A slippery slope to eliminate copyright out right. The argument made is that AI is somehow more special and will otherwise lose to competition with China.
The flaw there is that AI is not more special than any other endeavor while all other American markets must equally compete with China.
What that failure means is that when anything is exceptional then everything becomes exceptional because the economic conditions apply equally and therefore bypassing copyright protections applies equally to anybody facing external competition.
Copyrights are more often used to defend large corporations than small creators. As long everybody has a level playing field and individuals benefit from weaker copyright laws, it might actually make the world a better place. I'm not arguing for the complete elimination of copyright protections, but today's laws, in particular copyright duration, are immoral. This is as good of a starting point as any assuming OpenAI isn't the only who gets to benefit from it.
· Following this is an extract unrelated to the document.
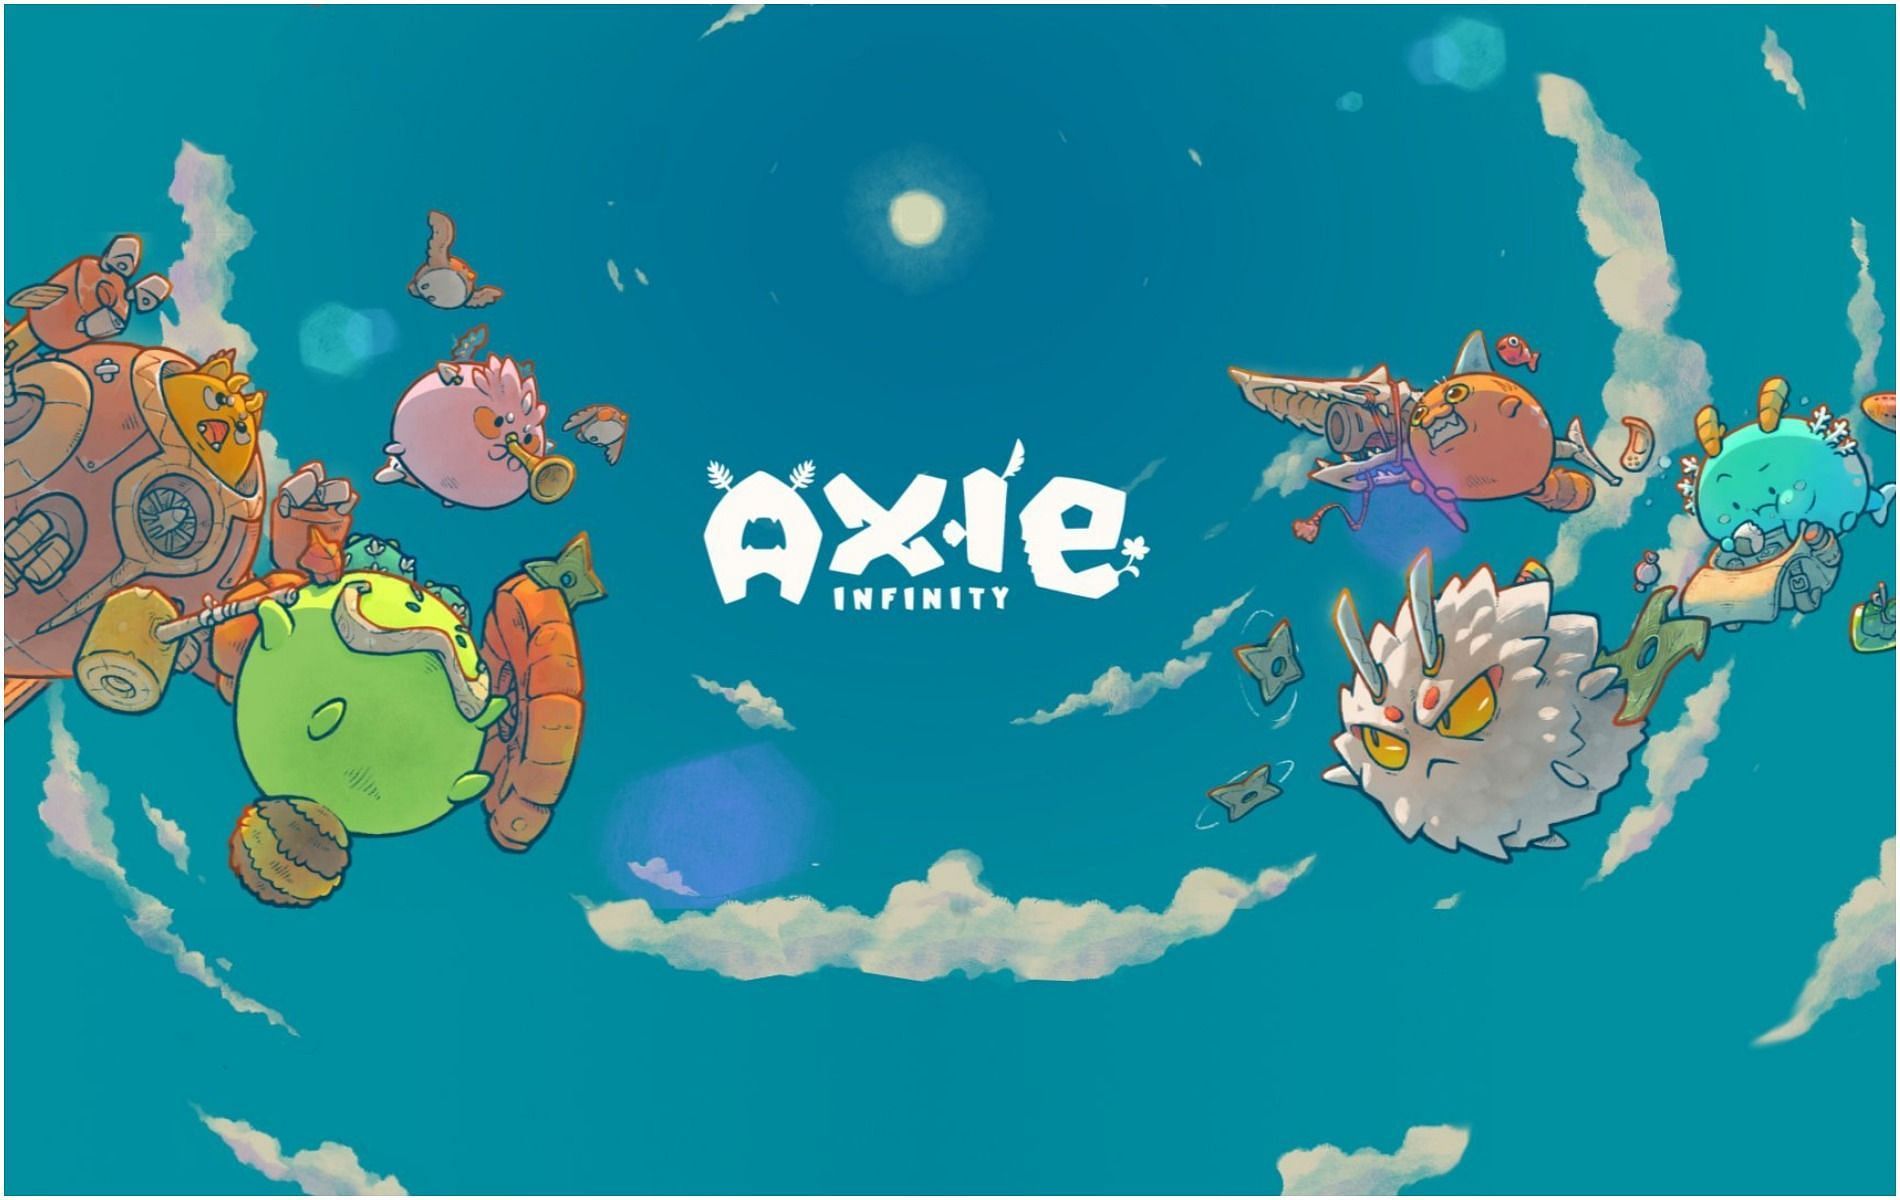 How Axie Infinity is shaping up to be a successful video game in the NFT industry (Image via Axie Infinity)
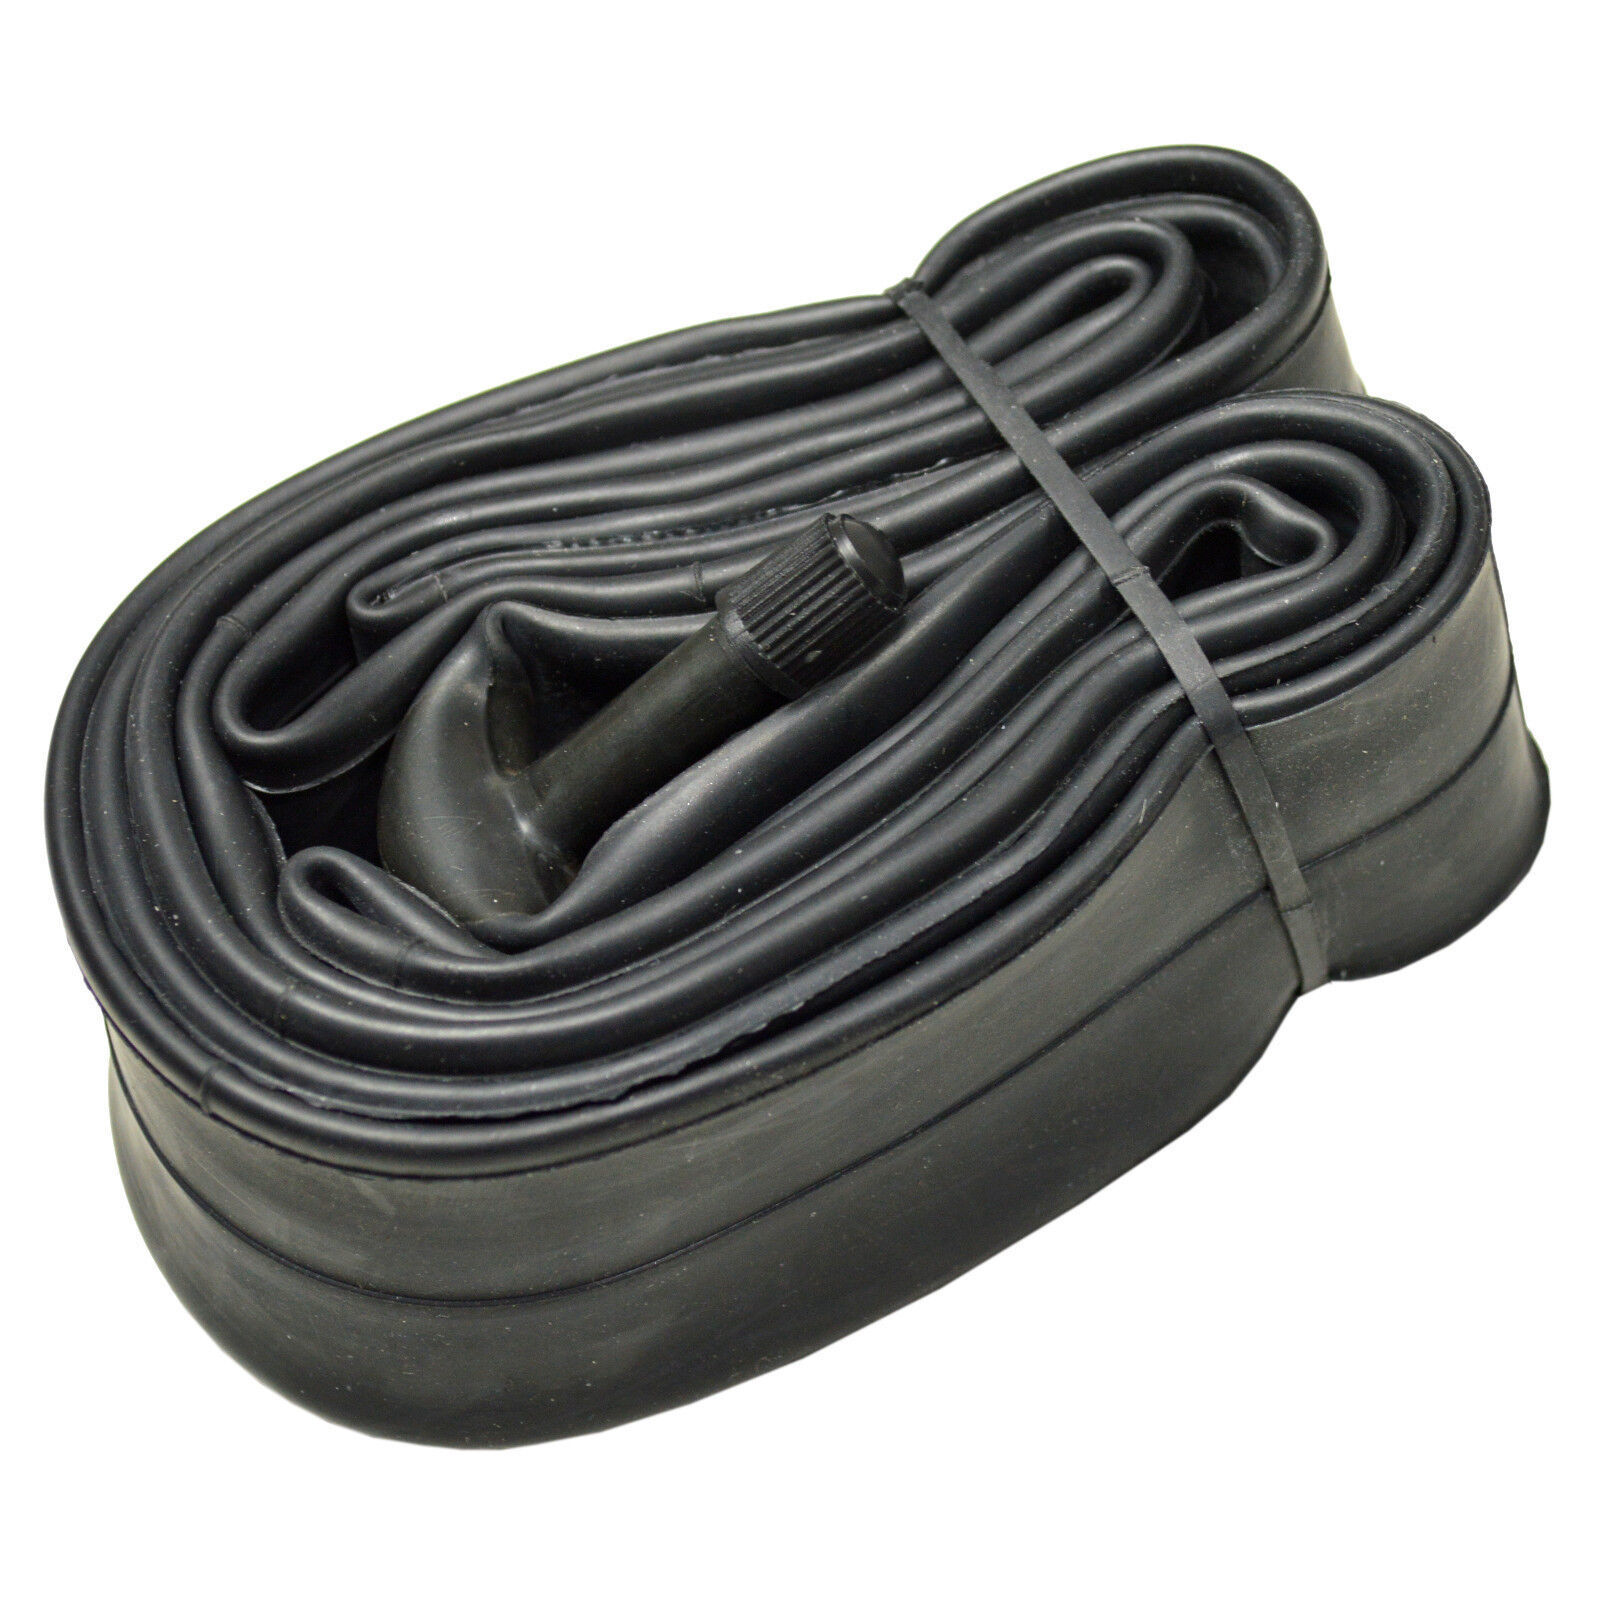 Primary image for 26" Bike Bicycle Tire Inner Tube 26" x 1.75-2.125 Schrader Valve

In a billion dollar company can use pirated books for a business, should we allow them to use pirated software too? Do you think that requiring a company to pay for Windows license is "immoral"?
> Copyrights are more often used to defend large corporations than small creators.
Are there numbers to this or is it empty conjecture? The reality is that resulting civil judgments apply the same regardless of owner size, which benefits small owners disproportionately to large owners with regard to windfall versus regular revenue. That is OpenAI’s principle concern: they don’t want to get sued into bankruptcy by numerous small rights owners.
Surely copyright isn't the problem here. Without copyright, music industry could pay nothing for the music..? Just copy it with impunity.
Music industry, presumably, takes a bet on many musicians, and only a few make it. The revenues made by the successful ones effectively subsidise the unsuccessful ones.
Also if musicians are so widely screwed by the bad industry, why don't they create a cooperative agency that treats them well? There's enough money sloshing around in successful musicians' coffers.
OpenAI has no moat. They're afraid of open source and want the government to protect them.
Microsoft doesn't think they're very cool anymore.
Sam Altman is going to have one of the quickest falls from grace in tech history. It's a shame he's using his time to try to legislate a worse world for the rest of us.
At the rate things are going in the US, "legislate" seems to be largely replaced by "executive directive", so maybe you don't have to worry about legislation. (We will still have the worse world part, of course.)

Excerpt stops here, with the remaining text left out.